About the job
Mithril develops AI infrastructure aimed at making GPU computing more accessible and affordable for enterprises, AI startups, and researchers. Clients include LG AI Research, Saronic, and the Broad Institute. The company was founded by a former Google DeepMind research scientist and a Stanford CS PhD. Mithril has secured $80M in seed and Series A funding from Sequoia Capital and Lightspeed Venture Partners. Over the past year, platform revenue has grown more than sixfold. Fast Company recognized Mithril as the 8th Most Innovative Company in Artificial Intelligence for 2026.

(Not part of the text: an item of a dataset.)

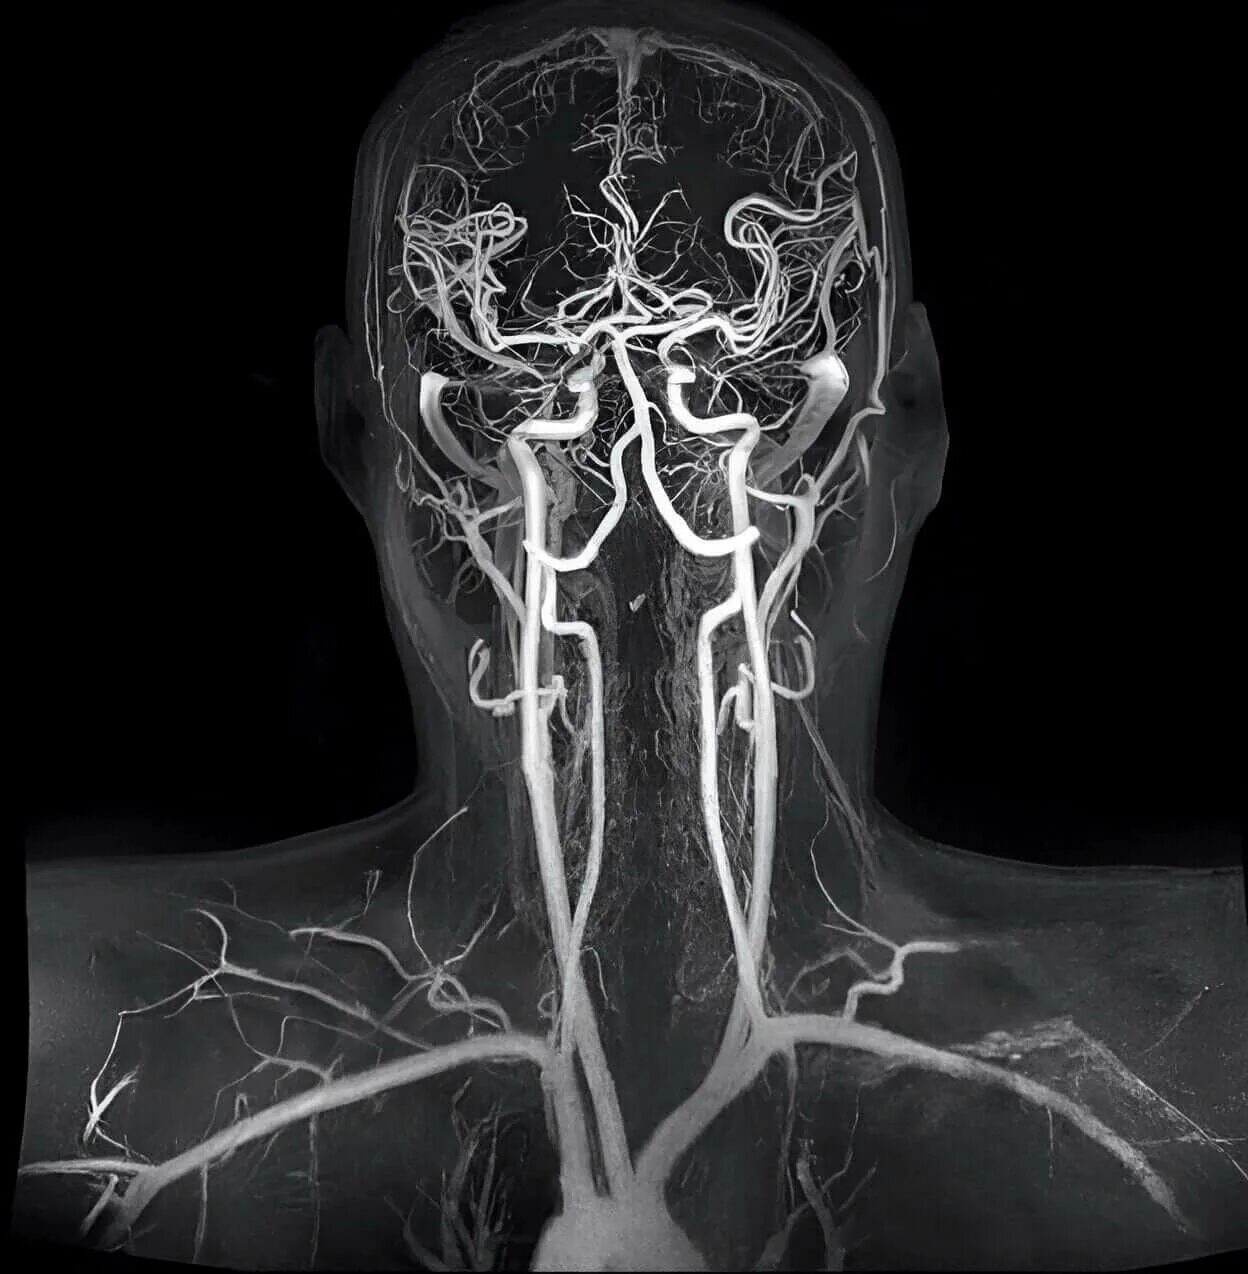 Кт ангиография брахиоцефальных артерий. Мрт ангиография артерий головного мозга. МР-ангиография сосудов головного мозга. Компьютерно-томографическая ангиография сосудов головного мозга.

The engineering team at Mithril is small, with each member making a significant impact. This Site Reliability Engineer (SRE) position is a foundational role focused on shaping how the platform scales across a multi-cloud environment.
Role overview
This SRE will play a central role in keeping Mithril's global GPU orchestration platform stable and high-performing. The responsibilities extend beyond day-to-day maintenance. The primary focus is on designing and building automation, observability, and tooling to help manage advanced compute resources across multiple cloud providers. The goal is to ensure customers have fast and dependable access to infrastructure.
Collaboration with Mithril's founding team is central to this job. The SRE will help set service level objectives (SLOs), orchestrate capacity, and make influential infrastructure decisions, gaining visibility into both technical and commercial aspects of the business.

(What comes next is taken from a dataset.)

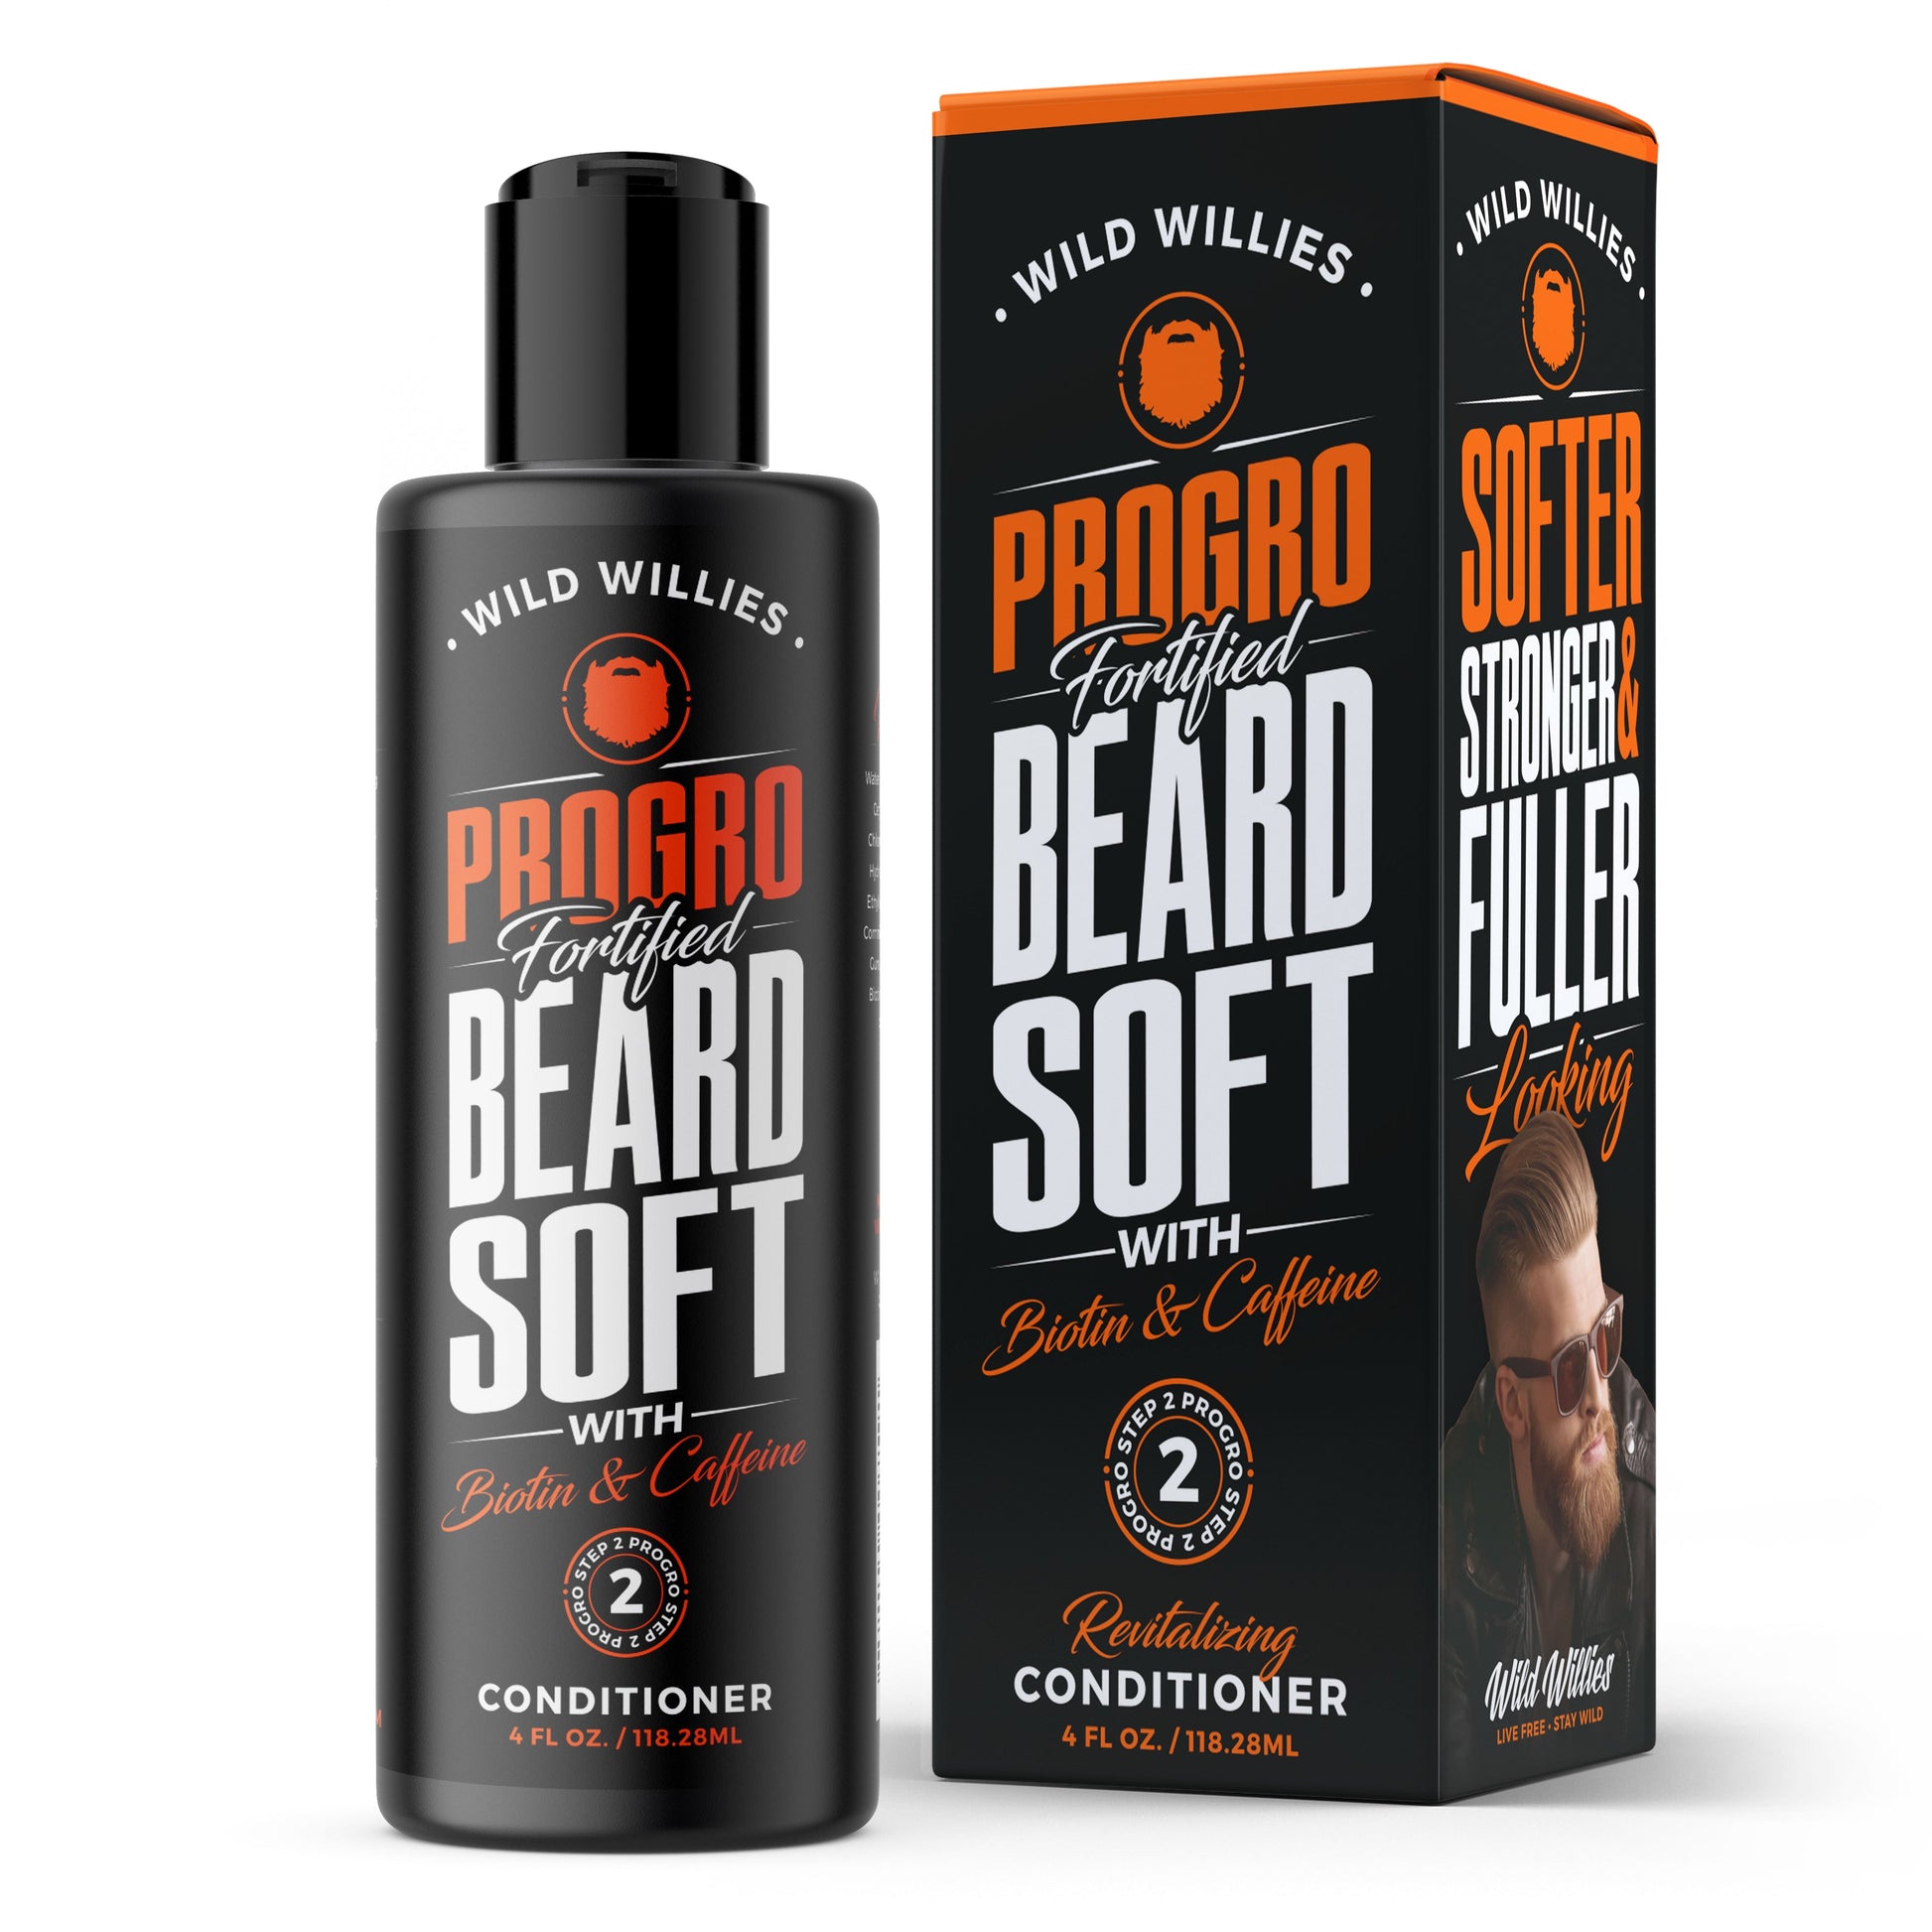 PROGRO Beard Soft Beard Wash Wild-Willies

What makes this SRE role unique
This position differs from many early-stage SRE roles that focus mainly on on-call rotations and incident response. Here, the emphasis is on building infrastructure that actively shapes Mithril's marketplace. The systems developed will determine how supply is sourced, allocated, and monitored across providers, directly affecting customer experience and company revenue.
The role offers genuine ownership, a fast feedback loop with leadership, and the opportunity to define how infrastructure engineering evolves as Mithril grows.
Core responsibilities
About 70–75% of the work centers on platform reliability and infrastructure automation.
Reliability & SLOs
- Implement and manage service level indicators (SLIs) and service level objectives (SLOs) for Mithril's API layer and internal orchestration services to maintain high reliability and performance.